New Delhi, Feb 25 (IANS) Celebrities ko gussa kyon aata hai? That's the big question, given the recent cases of Saif Ali Khan's scuffle with an NRI businessman and Shah Rukh Khan's brawl with Shirish Kunder. With status comes aggression and ego, say experts.
"Anger is present in each and everybody, but as people grow up and excel in their field, they become more egoistic. The aggression within them also increases. It just depends on how one handles that aggression," Neelesh Tiwari, chairman and managing director, World Brain Center, told IANS.
Earlier this week, Saif became the 'bad man' for getting embroiled in a brawl with Iqbal Sharma, an Indian-origin businessman from South Africa, who filed a police complaint against the actor for allegedly assaulting him at Mumbai's Taj Mahal Hotel.
All this over an apparently trivial issue of lowering voices!
Saif admitted he could have avoided the brawl.
The incident saw two days of non-stop coverage. Similar was the case with the Shah Rukh-Shirish spat, as has been over incidents involving other actors like Salman Khan, Govinda, Abhishek Bachchan and Sanjay Dutt.
This is just a result of "attributional thinking", explains Samir Parikh, chief psychiatrist, Max Healthcare.
"We all have a tendency to bring down celebrities. We indulge in attributional thinking, wherein the basic thought in our head is always that the celebrity must be in the wrong.
"Picking up from the recent case (involving Saif), one has heard both sides - the celebrity's and the non-celebrity's. Whatever they may say, nobody has evidence of what transpired; so how can we believe that only the celebrity was at fault?

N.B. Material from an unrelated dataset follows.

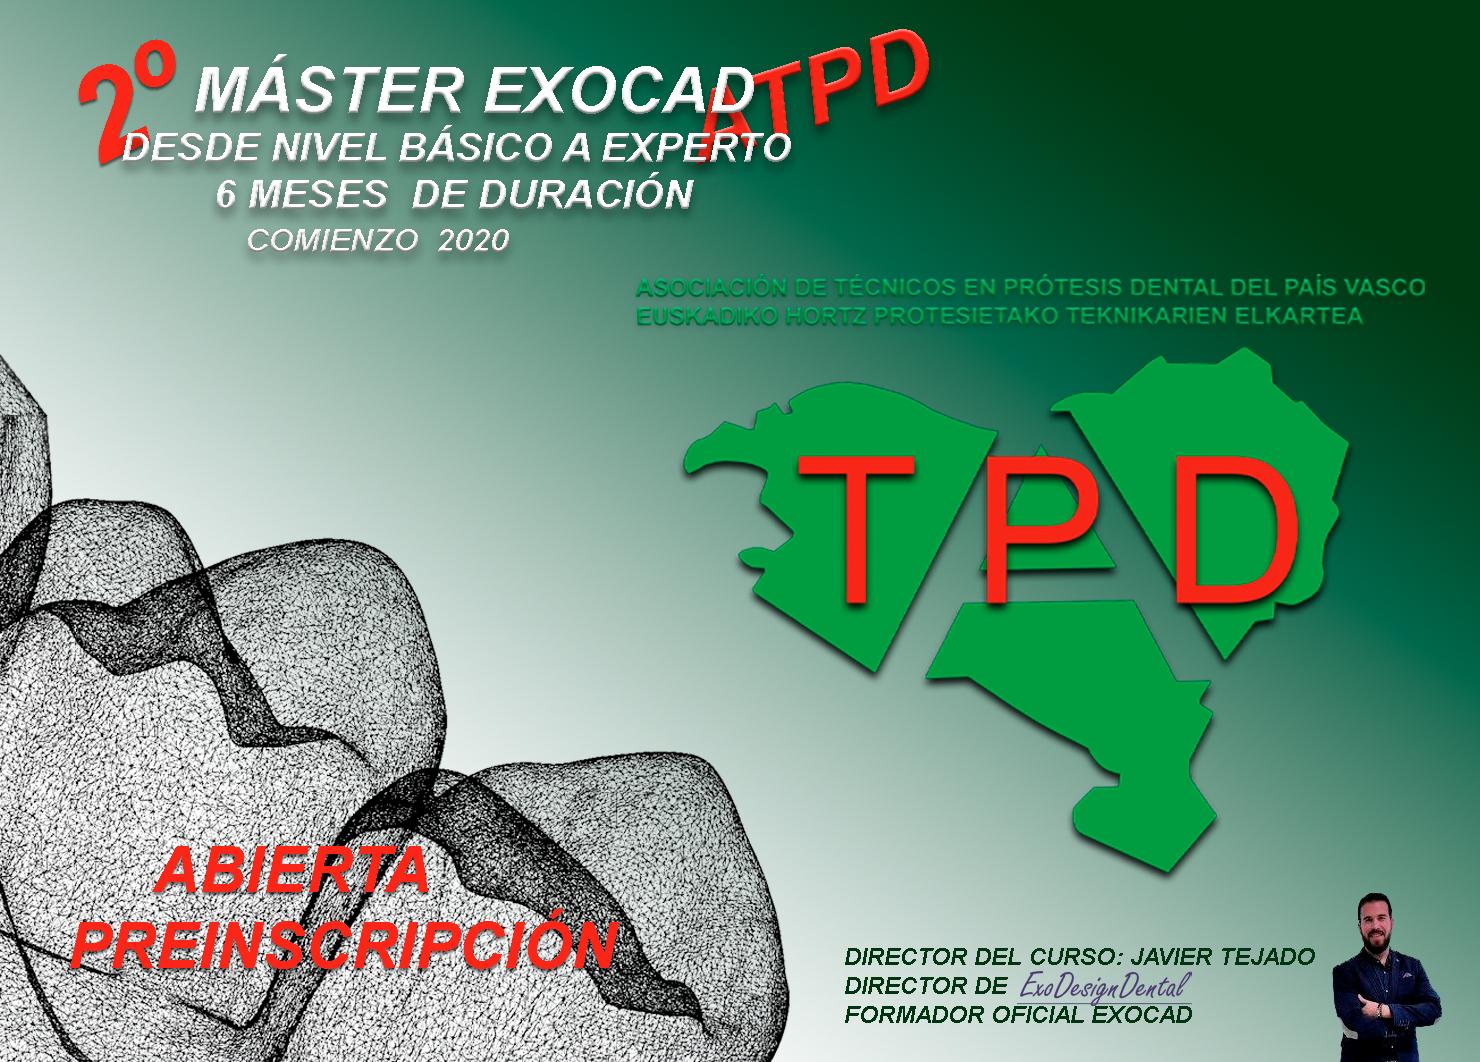 2ºMASTER EXOCAD ATPD  (COMPLETO)

"Once we have clarity over who was wrong, the matter can be discussed as an anger issue. But anger is a universal phenomenon after all, isn't it," Parikh told IANS.
Public spats or misdemeanours are not restricted to just entertainers.
Last year it was reported that a Punjab-cadre senior IAS officer, Sujata Dass, created a ruckus in an upscale Chandigarh market when she thrashed a nursery student in full public view in reaction to a minor scratch on her Honda City car.
"Celebrities alone do not get angry. It happens with everyone. We just tend to single out celebrities and whatever they do is highlighted. The menu at my wedding won't make news, but it surely would for a Bollywood actor, who has the spotlight on his head all the time," added Parikh.
Even sportsmen and politicians were under the scanner for either losing their cool or hurling abuse!
Like if Harbhajan Singh hit S. Sreesanth during an Indian Premier League match or Andrew Symonds and Harbhajan got into the "Monkeygate" scandal.
Uruguayan footballer Luis Suarez was hurled a racist slur when he got into a verbal spat with French footballer Patrice Evra.
One of the most horrific celebrity-anger incidents was when former boxing World champion Mike Tyson bit off Evander Holyfield's ear during a bout.
It's the same case with celebrities across the globe. Last year Hollywood actor Nicholas Cage was arrested in New Orleans for roughing up his wife and yelling at a policeman.
Former supermodel Naomi Campbell, known for her hot temper, pleaded guilty to assaulting two police officers at London's Heathrow Airport. She was even guilty of a physical dispute with her personal assistant and other women. Naomi was also accused by her maids Gaby Gibson and Ana Scolaino of reckless assault.
Mel Gibson had a verbal argument with his instructor about his name tag during the first day at an anger management class after his rant at a police officer; Russell Crowe admitted he has an anger-management problem and publicly apologized for throwing a telephone at a hotel concierge; Chris Brown was arrested for attacking his girlfriend (now ex) Rihanna and making criminal threats against her.
Anger stems from many reasons, said World Brain Center's Tiwari, adding: "Besides the siutaion, your upbringing, childhood experiences and intensity of aggression play a key role in it."